Zurück zum XTRA 400. Betrachtet man die Negative so erscheinen sie auf den ersten Blick schlimm und es springen sofort ein paar Veränderungen ins Auge. Die Transparenz erscheint geringer. Es ist schwer zu beschreiben, aber der entwickelte Film erscheint weniger durchsichtig oder ganz geringfügig trüb. Dazu kommt eine Abweichung bei der Maskierung. Die sollte eine typische orange-braune Färbung haben, der überlagerte Film ist nach der Entwicklung aber eher braun fast ohne orangen Einschlag. Abhängig von den Motiven erscheint die Maskierung manchmal sogar leicht braun-grün. Die Negative wirken weniger kontrastreich als bei einem frischen Film. Die Überbelichtung um eine Blende ist unbedingt notwendig, weil sonst alle Negative zu dünn wären und ich vermute, dass die Veränderungen in der Filmmaskierung die reichlichere Belichtung erforderlich macht. Mit dem Noritsu QSS sind solche Negative gut scanfähig. Ob die Ergebnisse mit einem einwandfreien Film noch besser ausfallen, müsste man in einem Direktvergleich von altem und neuem Film herausfinden.
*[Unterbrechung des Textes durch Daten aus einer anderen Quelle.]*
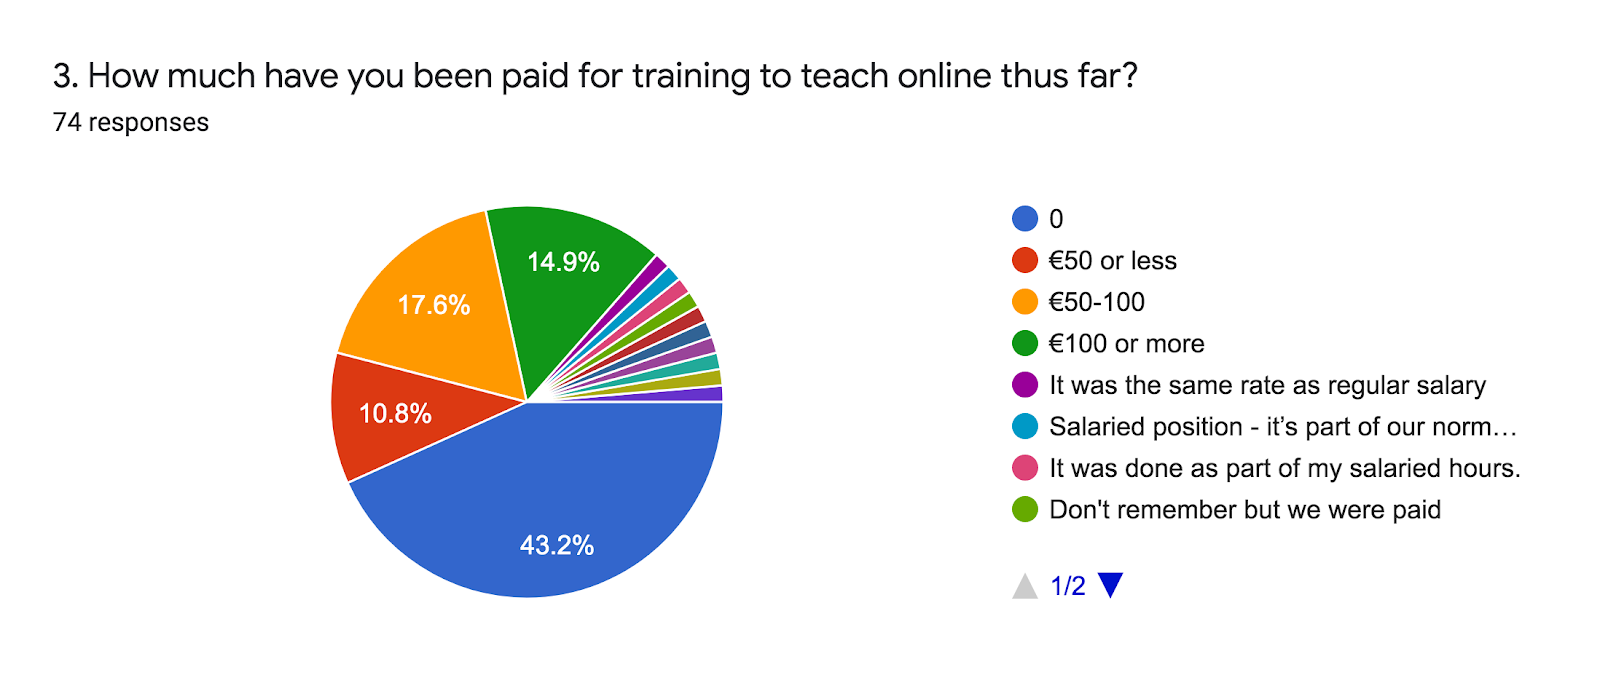 Forms response chart. Question title: 3. How much have you been paid for training to teach online thus far?. Number of responses: 74 responses.

Das im konkreten Fall in  Richtung Magenta verschobene Farbspektrum kann weitgehend kompensiert werden und die abweichenden Dichten sind für einen Noritsu QSS auch beherrschbar. Der Scanner hat gute Arbeit geleistet und die satt gelbe Wandfarbe als etwas helleres Gelb aber ohne Magenta-Stich umgesetzt. Das Blau im Himmel ist perfekt auskorrigiert und so wie ich es mir vorstelle. Aus den Schatten hat der Scanner auch noch ein paar Details - mehr als ich mir erwartet habe - gezaubert. Bilder, welche ganz im Schatten aufgenommen wurden, schafft der Noritsu QSS ohne Blaustich mit einem ziemlich neutralen Weiß. Nur die Grüntöne könnten für mich etwas knackiger sein, aber da geht es um meinen persönlichen Geschmack. Motive mit hohem aber auch mit geringem Kontrast sind bei diesem Testfilm überraschend schön geworden. Das Bild in der Kirchenkuppel wäre mit einem frischen Film auch nur wenig anders ausgefallen und bei diesem Motiv merkt man kaum das überlagerte Material.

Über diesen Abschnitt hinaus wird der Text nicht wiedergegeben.